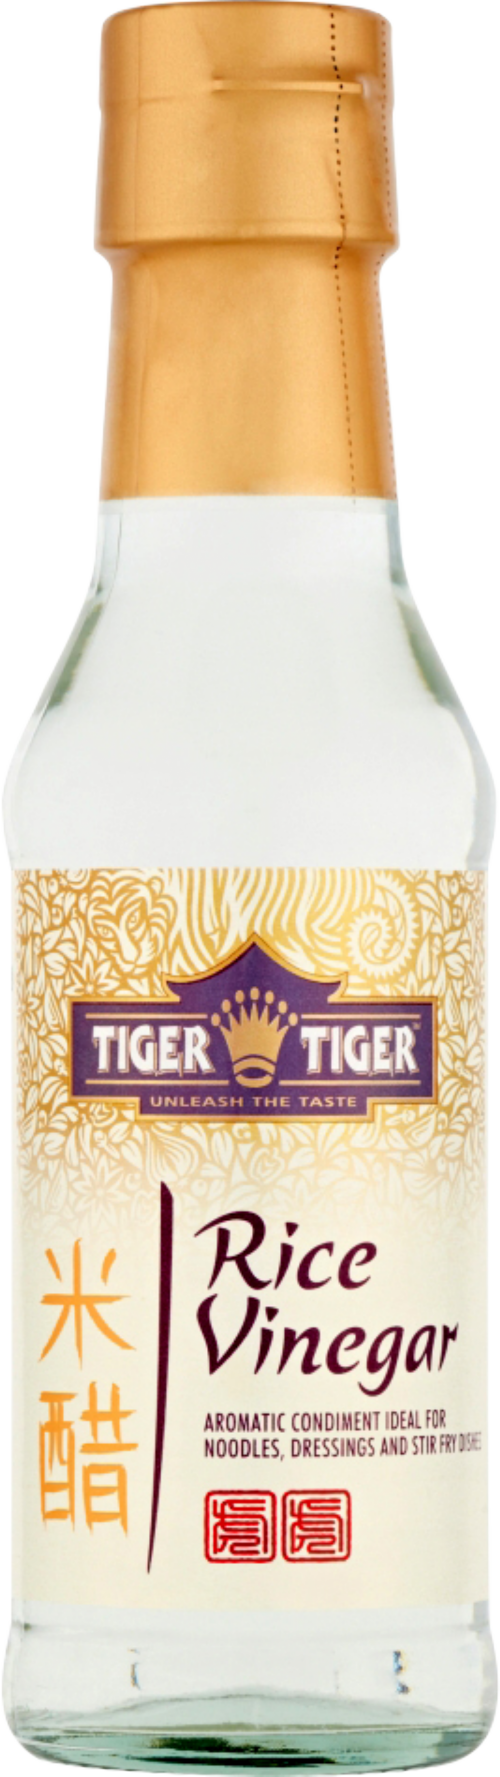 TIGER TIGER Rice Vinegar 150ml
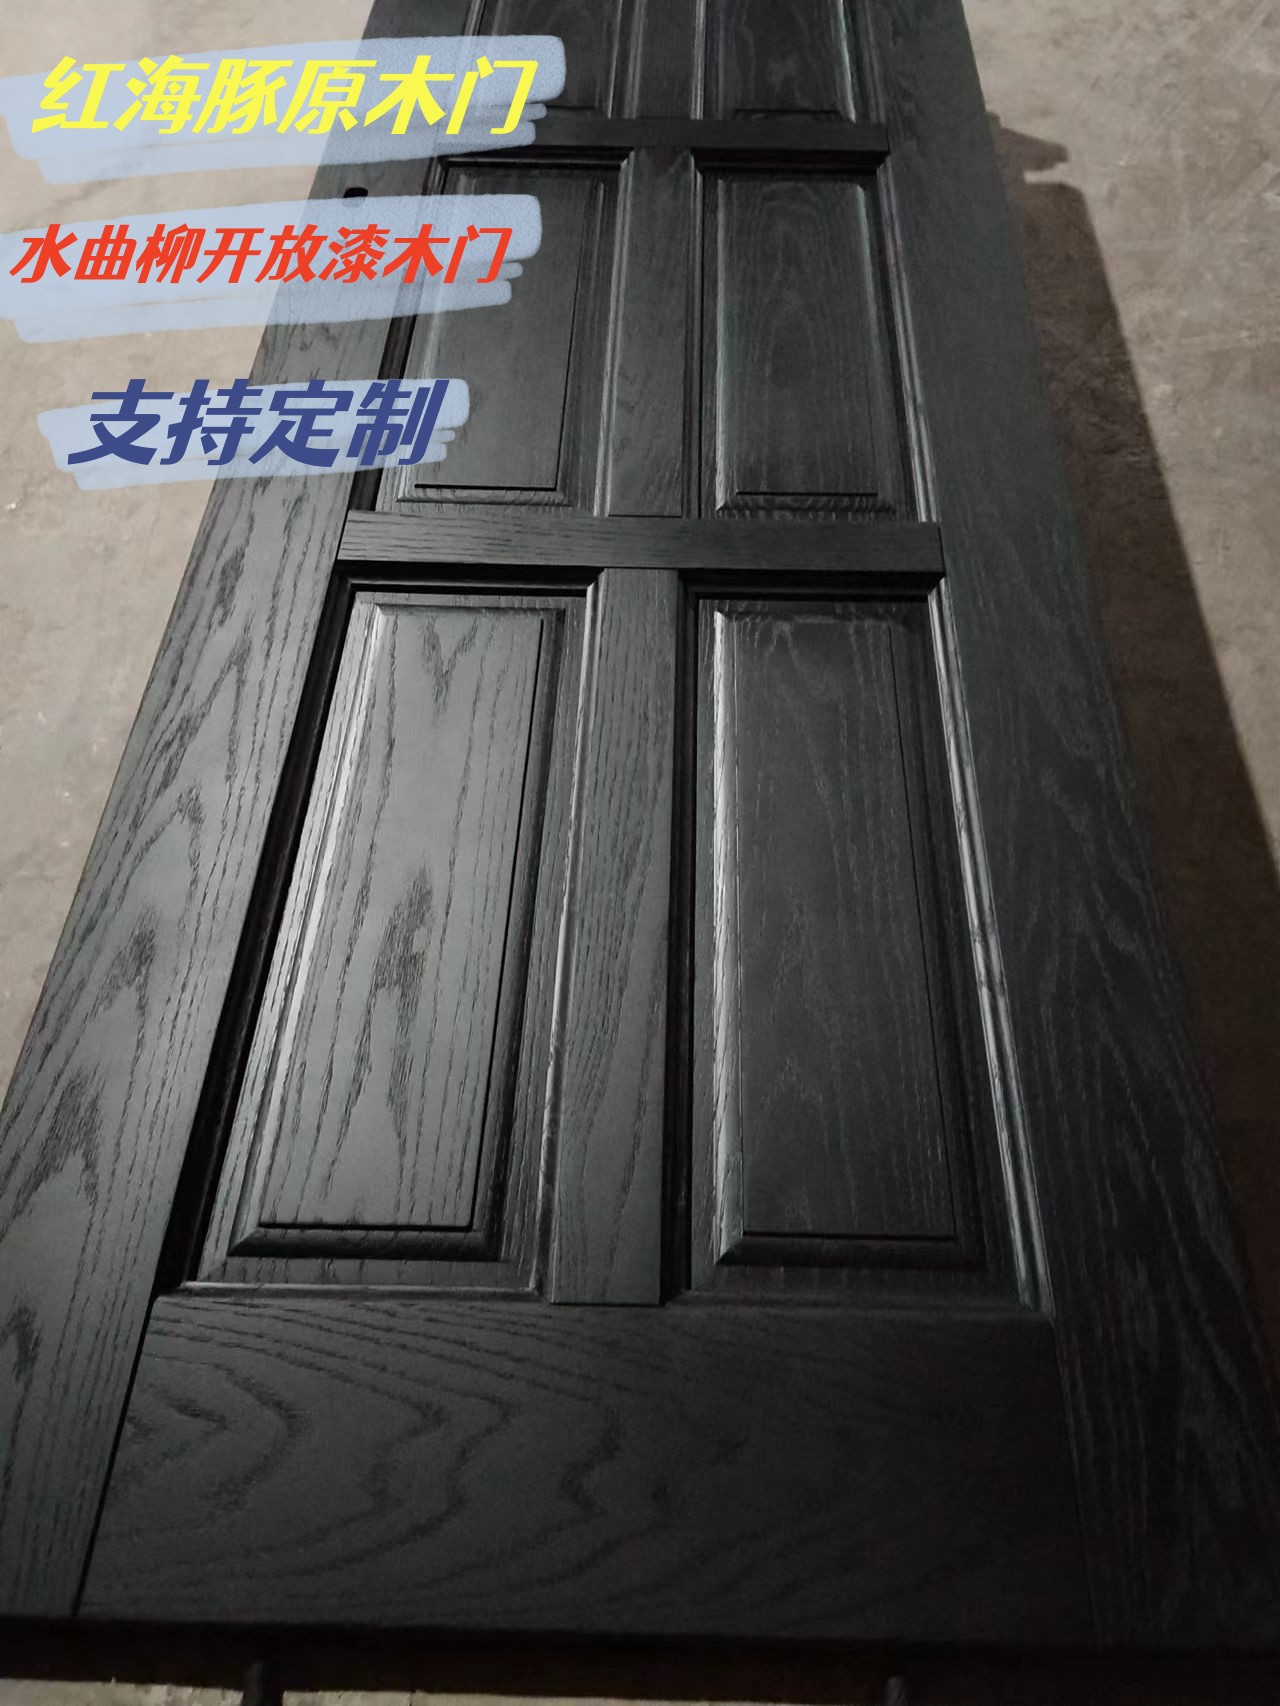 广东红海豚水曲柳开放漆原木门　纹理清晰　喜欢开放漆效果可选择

* * *

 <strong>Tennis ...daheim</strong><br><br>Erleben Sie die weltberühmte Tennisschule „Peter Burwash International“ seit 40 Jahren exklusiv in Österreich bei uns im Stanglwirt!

■ TASK DETAILS ■
Exactly the lines above from the one that contains "TIGER TIGER Rice Vinegar 150ml" down to the one that contains "广东红海豚水曲柳开放漆原木门　纹理清晰　喜欢开放漆效果可选择" are to be output, both ends kept and pictures omitted.

■ TASK ANSWER ■
 TIGER TIGER Rice Vinegar 150ml
 广东红海豚水曲柳开放漆原木门　纹理清晰　喜欢开放漆效果可选择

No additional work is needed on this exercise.